Published on Wednesday, 12 June 2013 19:34
President meets with Lt-Gen Ywet Sit (Photo- SSA Facebook)
President Thein Sein held peace talks with Lt-Gen Ywet Sit, Chairman of the Restoration Council of Shan State/Shan State Army in Nay Pyi Taw on Monday.
According to Ywet Sit, the President accepted his proposal to form a peacekeeping committee so as to ensure a lasting peace.
“Our discussion focused on how we can continue to cooperate in the peace process. We also discussed with the President the repercussions of civil war that has left the country underdeveloped. We also highlighted the importance of the country being under democratic rule and the people acting freely,” Lt-Gen Ywet Sit told Eleven Media.
The President said that the country has to exert a long and difficult period of effort so that national brethren can finally sit at the negotiating table, according to the state-run Myanmar Radio and Television. The main objective of the meeting was to take steps towards a lasting peace process. However no agreement has yet been signed.
The President said both sides were born within the same Union, which belongs to Shan nationals as well as to him and his party. The government wanted to seek a new political path that ensures political tolerance and dialogue, ignoring past differences, he added.
Thein Sein also said that if peace prevails in all the regions, the government will ask all the ethnic armed groups to meet in Nay Pyi Taw or somewhere appropriate to sign a total ceasefire truce.
More than fifty skirmishes have occurred since the government and RCSS-SSA signed a ceasefire agreement on January 17 last year.

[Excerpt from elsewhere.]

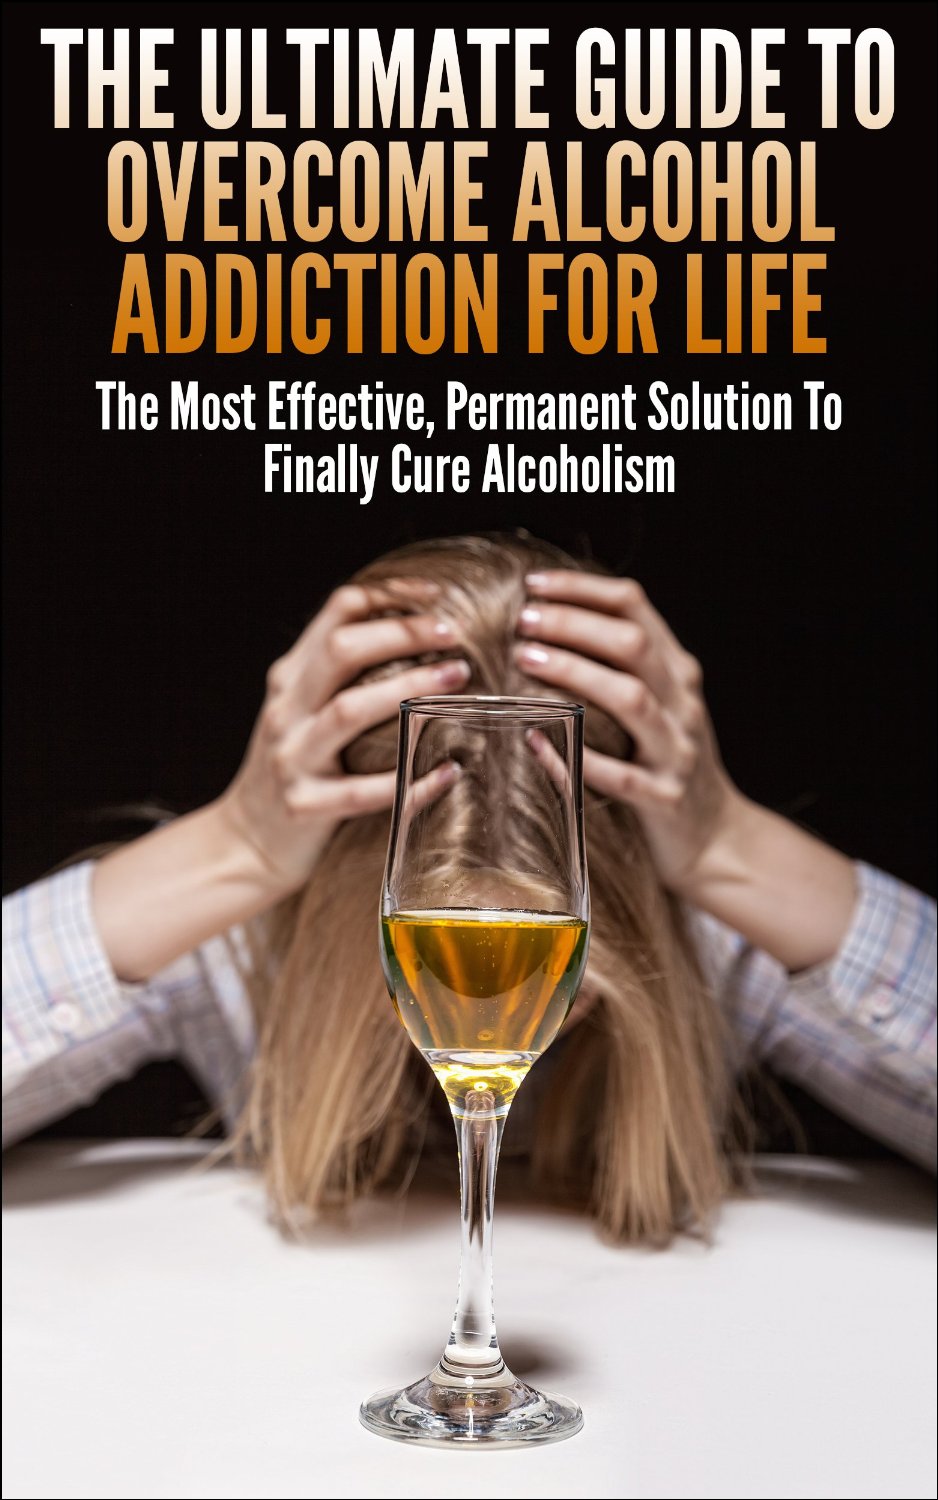 The Ultimate Guide To Overcome Alcohol Addiction For Life: The Most Effective, Permanent Solution To Finally Cure Alcoholism by John K.

Many people say that the clashes occurred because both sides do not trust each other to maintain a ceasefire.
As regards to the increase of poppy cultivation in Shan state, Ywet Sit said it was a matter that concerned the entire country.
“If the Shan nationals are given opportunities to improve their economy, poppy growing rate in Shan state will reduce,” he said.
The military plays a very important role in peace efforts, and any oppression can disrupt such efforts. As the peace agenda is well on track, Myanmar needs a constitution that is perfect for achieving peace and accepted by the entire nation, Ywet Sit said.
“The President told me his government is trying to make Myanmar a genuine Union. But he cannot do it alone. The entire nation wants is to establish a federal union under democratic rule. We however will continue to work to achieve genuine peace.”